Here’s how I’ve structured my analysis.

Every model gets 5 parts, each designed to maximize how much you understand about the model in about a page or less. Next to the name of each model is either a bolded R or a bolded C, possibly both if the model can do both regression and classification.

1. How the model works
   a. This is a relatively brief, quick intro that avoids too much math and focuses more on intuitive ideas. It’s anything interesting or relevant to improving your understanding of what’s happening behind the scenes, so you better understand its strengths and weaknesses.
2. Pros
   a. Pretty straightforward — I’ll include anything that might be helpful in understanding where the model performs well. Also, in every model, I’ll put the bias and variance of the model here or below.
3. Cons
   a. A shocker after the last one, I know. Pro tip: think about your use case and identify a few things that make your problem uniquely hard or easy, and note down which models are able to benefit from those easy parts and can ignore those hard parts.
4. Libraries
   a. Any common modules that contain an implementation of this model. A simple import with what I put here (like import sklearn.linear_model.LinearRegression) should be enough to get you rolling with that model.
5. Relevant Resources
   a. Usually a link to the documentation and some good articles that will help you implement and understand the models better.
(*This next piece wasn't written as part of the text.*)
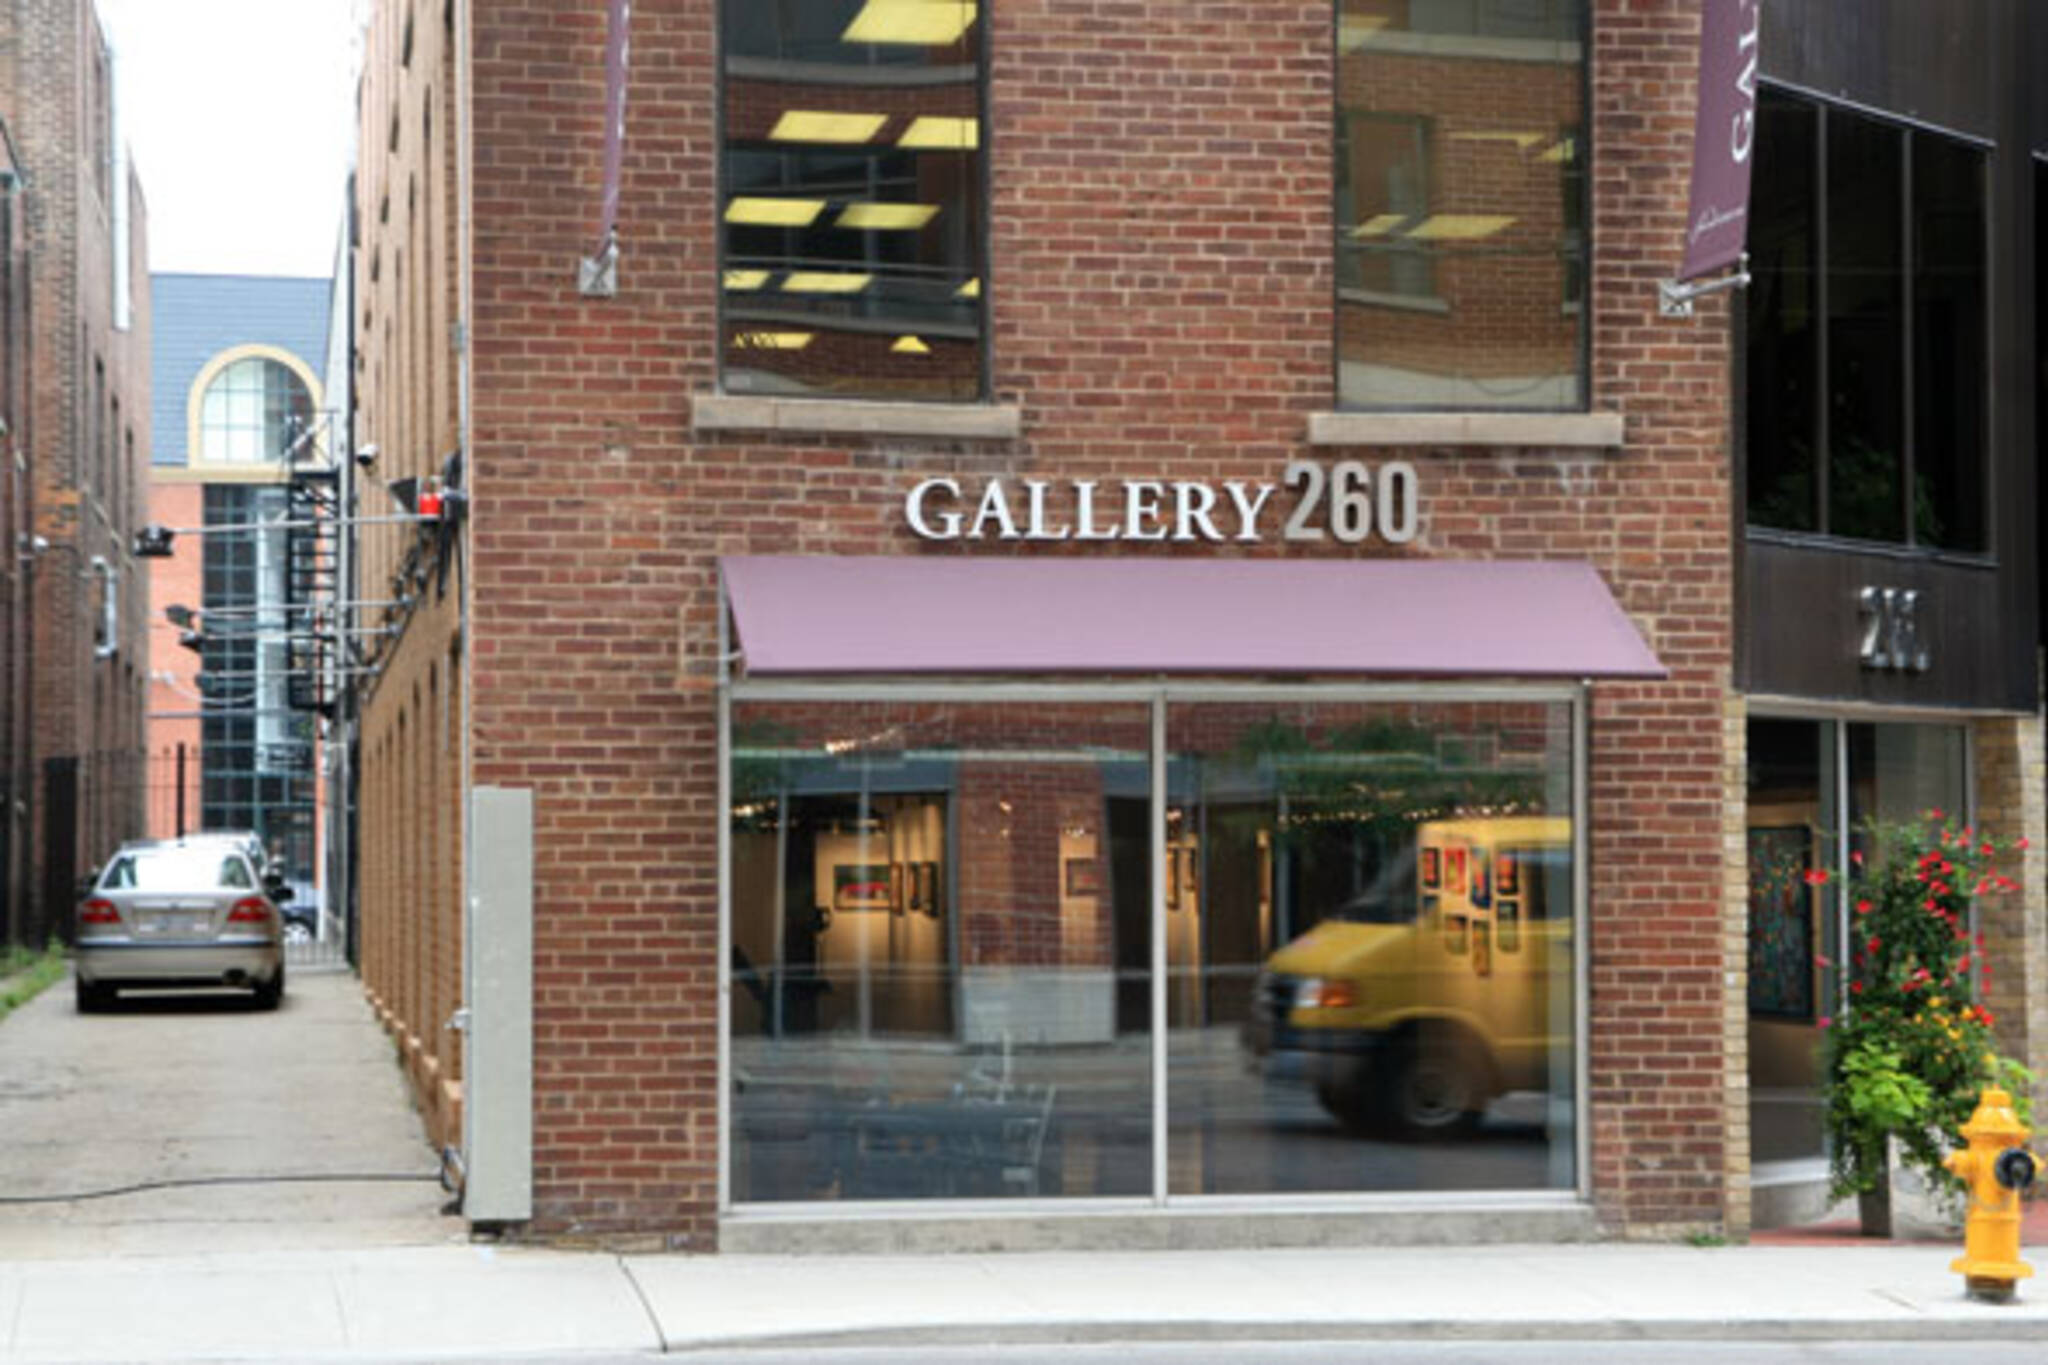 Gallery 260 Toronto

With that said, let’s dive in!

Linear Regression [R]

How It Works

With Linear Regression, we’re trying to find a line that cuts through the middle of our data. We determine how middle is middle enough by trying to minimize the square of the distance between the line and the point, for every point. As a result, Linear Regression is also commonly called the Ordinary Least Squares (OLS) model.

Pros

• Extremely effective for linear relationships and simple modeling
• Low Variance
• Models are very similar as long as you have a small set of points
• Super easy and fast to train
• Flexible model
• Take the log of an exponential relationship to get a linear relationship
• Take the square root of a quadratic relationship to get a linear relationship
• Can generalize to data outside the range of the training data

Cons

• High Bias
• Very few relationships can be modeled in a linear fashion
• Very sensitive to outliers
• Because OLS minimizes the squared error, a few far-off points grow the error heavily and thus the model adjusts drastically to compensate
• Not effective for non-polynomial relationships
• Can’t understand interplay between variables
• Very Simple

Libraries

sklearn.linear_model.LinearRegression

Relevant Resources

Documentation: sklearn.linear_model.LinearRegression — scikit-learn 0.23.1 documentation

Articles: A Beginner’s Guide to Linear Regression in Python with Scikit-Learn

Polynomial [R]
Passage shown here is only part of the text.